Iran Nuclear Discussions Will Impact The ISIS Crisis

By Sal Bommarito

Buried in the New York Times today is a story about the current negotiations with Iran relating to its nuclear program. The importance of these discussions cannot be overstated.

The Obama administration, the article suggests, is attempting to exclude Congress from the deliberations, possibly creating yet another constitutional crisis if the administration agrees to eliminate economic sanctions. The president cannot sign a treaty without Senate approval, but he can, in the short term, decrease or eliminate economic sanctions against Iran. This could be his tactic even though the Senate voted 99-0 to install the current sanctions. Neither political party would be happy about being excluded from such an important diplomatic event.

Development of a nuclear weapon by the Iranian regime would destabilize the Middle East, and represent an existential threat to Israel, all Sunni states and even ISIS, should it eventually create its own country. Allowing Iran to build a nuclear weapon now or any time in the foreseeable future would be a dangerous mistake.

The global community is for the most part not in favor of another rogue nation developing a nuclear capacity. Iran has proven time and again that its political and religious aspirations are not benign by any measure. A nuclear weapon would severely tilt the tenuous balance in the region.

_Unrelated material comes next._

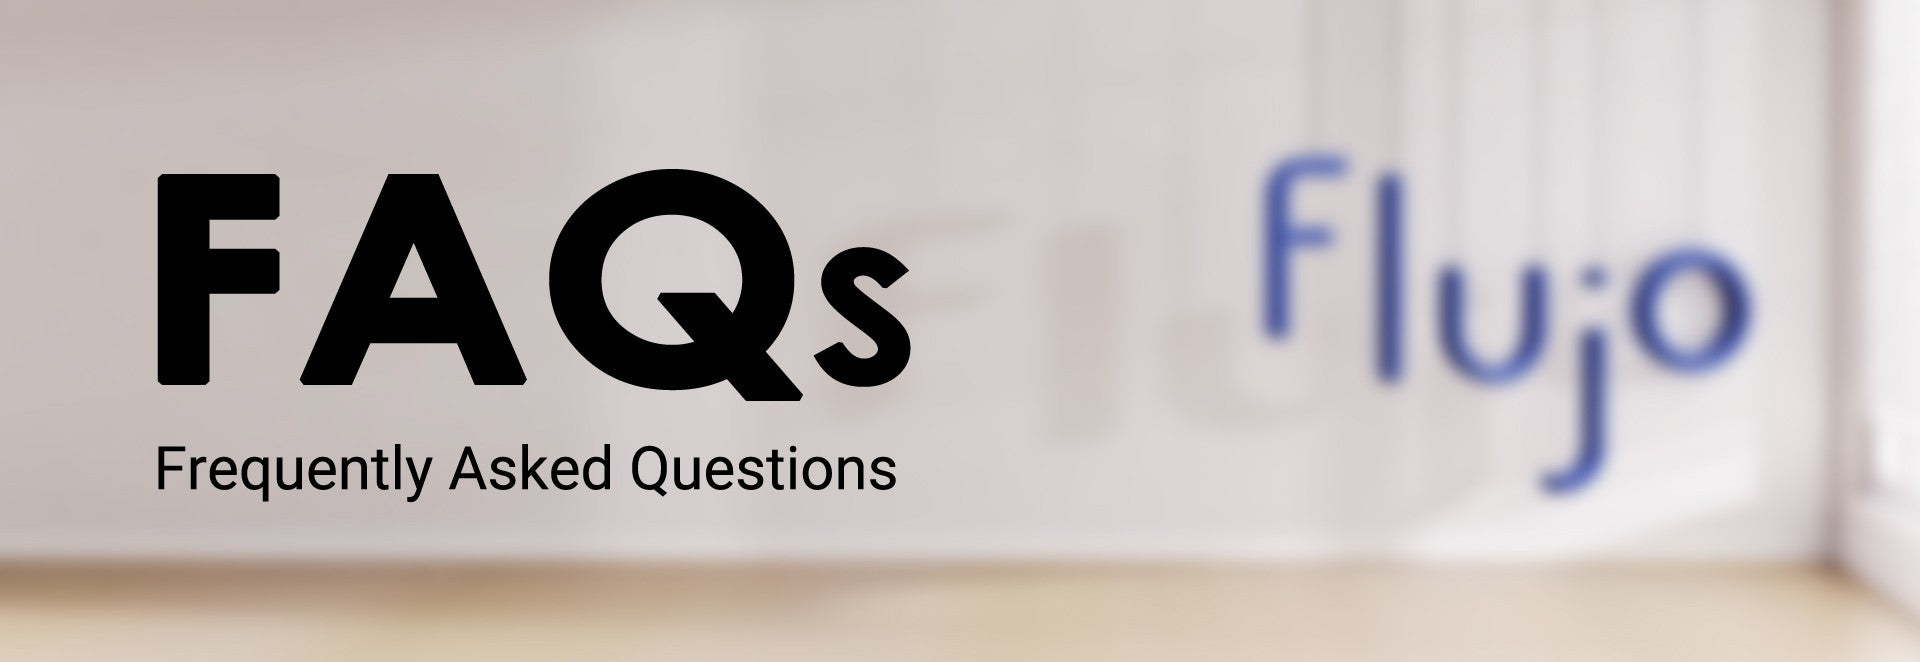 Header image for the Frequently Asked Questions section on Flujo's website, with the acronym 'FAQs' in large letters and the Flujo logo blurred in the background.

A U.S. decision to terminate sanctions against Iran if it agrees only to “defer” the enrichment of material needed to make a weapon could impact diplomatic conversations relating to ISIS. Despite Iran’s proximity to ISIS forces and the likelihood it will become an active target of the terrorists, Iran has not been overtly involved in the hostilities. It is inconceivable that Iran will not somehow attempt to link its engagement with ISIS to a relaxation or elimination of sanctions and increased latitude to pursue its nuclear vision.

Many believe economic sanctions are having a profound impact on Iran’s economy. And, the continuing implementation of sanctions lessens the possibility that someday the U.S will need to bomb Iran to prevent it from building a nuclear weapon. So, decreasing the leverage afforded by the sanctions at any time is unwise.

All this speaks to the utter disdain Obama has towards Congress and his questionable judgment relating to the diplomatic and military tactics being used in the ISIS conflict.